Délégation de service public et vente de quotas d'émission : niet pour la commune!

03.10.2016

Environnement

Une commune a délégué le service public du chauffage urbain à une société, laquelle a cédé ses quotas d'émissions excédentaires et encaissé le produit de ces ventes. La cour administrative d'appel juge que la commune n'est pas fondée à demander à sa délégataire le montant correspondant au prix de la cession des quotas. En jeu, tout de même : plusieurs centaines de milliers d'euros.

Une commune avait délégué le service public du chauffage urbain à une société. En tant qu'opérateur de la chaufferie centrale et donc exploitante de l'installation, des quotas d'émission de CO2 ont été délivrés à la société délégataire dans le cadre du Plan national d'affectation des quotas 2005-2007 (PNAQ 1).
En jeu : un pactole de plus de 600 000 euros
Sur la période 2005-2007, la délégataire a cédé ses quotas excédentaires sur le marché dédié et encaissé le produit de ces ventes.
 
À la suite de l'analyse des comptes de sa délégataire, la commune a alors émis un titre de recettes d'un montant de 625 753,18 euros, correspondant au prix de ces cessions, augmenté des intérêts.
 
À la demande de la délégataire, le tribunal administratif a annulé le titre de recettes et l'a déchargée de la somme demandée.
 
La commune décide de faire appel du jugement.
Les arguments de la commune écartés les uns après les autres
Les quotas ne constituent pas des biens de retour
La commune soutenait que c'était à tort que le tribunal avait considéré que les quotas ne constituaient pas des biens de retour et qu'elle n'avait pas vocation à se voir rétrocéder les revenus issus de la cession des quotas.
 
Pour les juges du fond, les quotas dont la cession était en cause avaient été, conformément à l'article L. 229-15 du code de l'environnement, délivrés à la société délégataire, qui avait alors seule la qualité d'exploitante de l'installation.
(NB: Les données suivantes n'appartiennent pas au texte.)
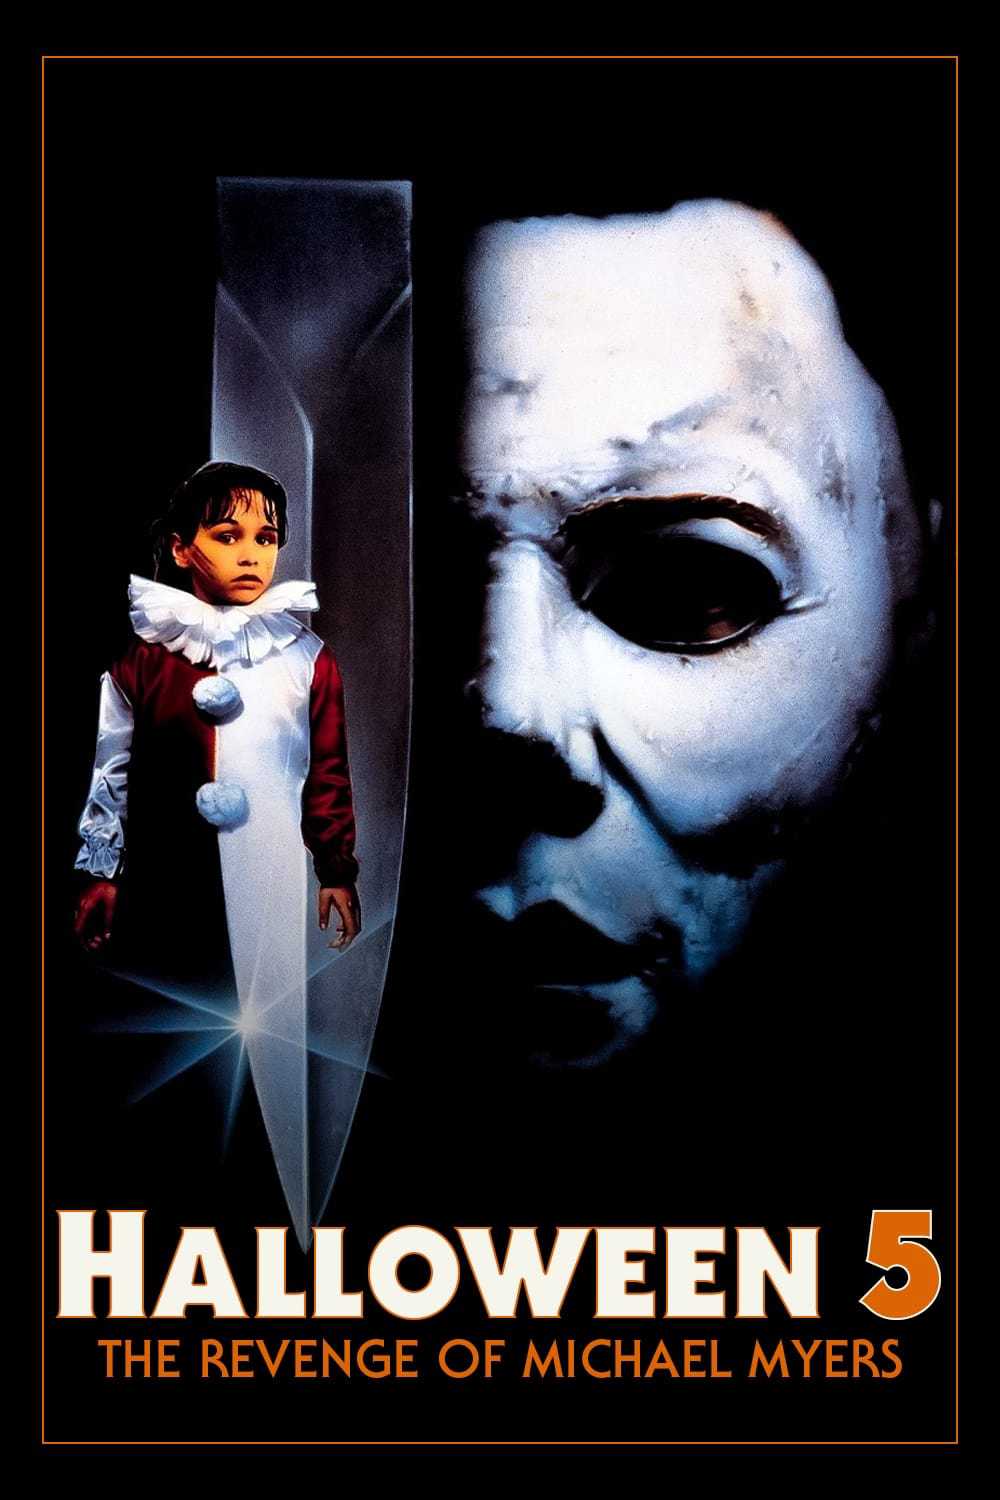 Halloween 5: Michael Myers Báo Thù - Halloween 5: The Revenge of Michael Myers

La commune ne pouvait donc se prévaloir d'un droit de propriété dès l'origine sur les quotas ainsi cédés, alors même que ces derniers étaient indispensables au fonctionnement du service public. Ces quotas excédentaires ne relevaient pas des biens de retour.
Le silence de la convention sur les quotas
En outre, la convention liant la collectivité à sa délégataire n'évoquait pas les quotas d'émission et le sort des revenus issus de leur cession en cours d'exécution du contrat. Dès lors, la commune, qui, n'était pas propriétaire des quotas qui ont été cédés par son concessionnaire, ne justifiait d'aucun droit à obtenir, en cours d'exécution de la convention, la rétrocession des revenus issus de leur vente.
Pas d'enrichissement sans cause
La commune soutenait que l'encaissement par la délégataire des sommes issues de la cession de quotas constituait un enrichissement sans cause.
 
Cependant, pour la cour administrative d'appel, l'enrichissement de la délégataire n'était pas dépourvu de cause, mais résultait de sa qualité de détenteur de quotas d'émission de gaz à effet de serre, ce qui lui permettait de les céder. Ainsi, la commune n'était pas fondée à demander une quelconque somme au titre de l'enrichissement sans cause.
Pas d'obligation d'information de la commune
La commune faisait valoir qu'il appartenait à la délégataire d'informer le délégant du changement de circonstance de fait et de droit, ce qui aurait permis d'engager une renégociation des clauses financières du contrat et qu'en s'en étant abstenu, elle avait fait preuve de déloyauté contractuelle.
 
Mais selon les juges, aucune disposition législative ou réglementaire ni aucune stipulation contractuelle n'imposait à la société d'informer la collectivité d'une telle vente, ni ne faisait obstacle à ce qu'elle en perçoive la contrepartie. La commune n'était dès lors pas fondée à soutenir que son concessionnaire avait méconnu son obligation de loyauté contractuelle en encaissant les sommes résultant de la cession de quotas excédentaires, sans l'en informer.
Un déséquilibre des relations contractuelles écarté
La commune invoquait une rupture de l'équilibre du contrat de délégation du service public du chauffage urbain, la cession indue de quotas d'émission ayant diminué la part de risque de la délégataire et engendré un déséquilibre des relations contractuelles au détriment de la collectivité.
 
Une telle circonstance, si elle était établie, aurait été de nature à justifier la résiliation du contrat. Toutefois, selon les juges d'appel, elle ne pouvait être utilement invoquée par une collectivité pour obtenir de son concessionnaire les sommes qu'elle demande au titre d'une cession prétendument indue de quotas de gaz à effet de serre.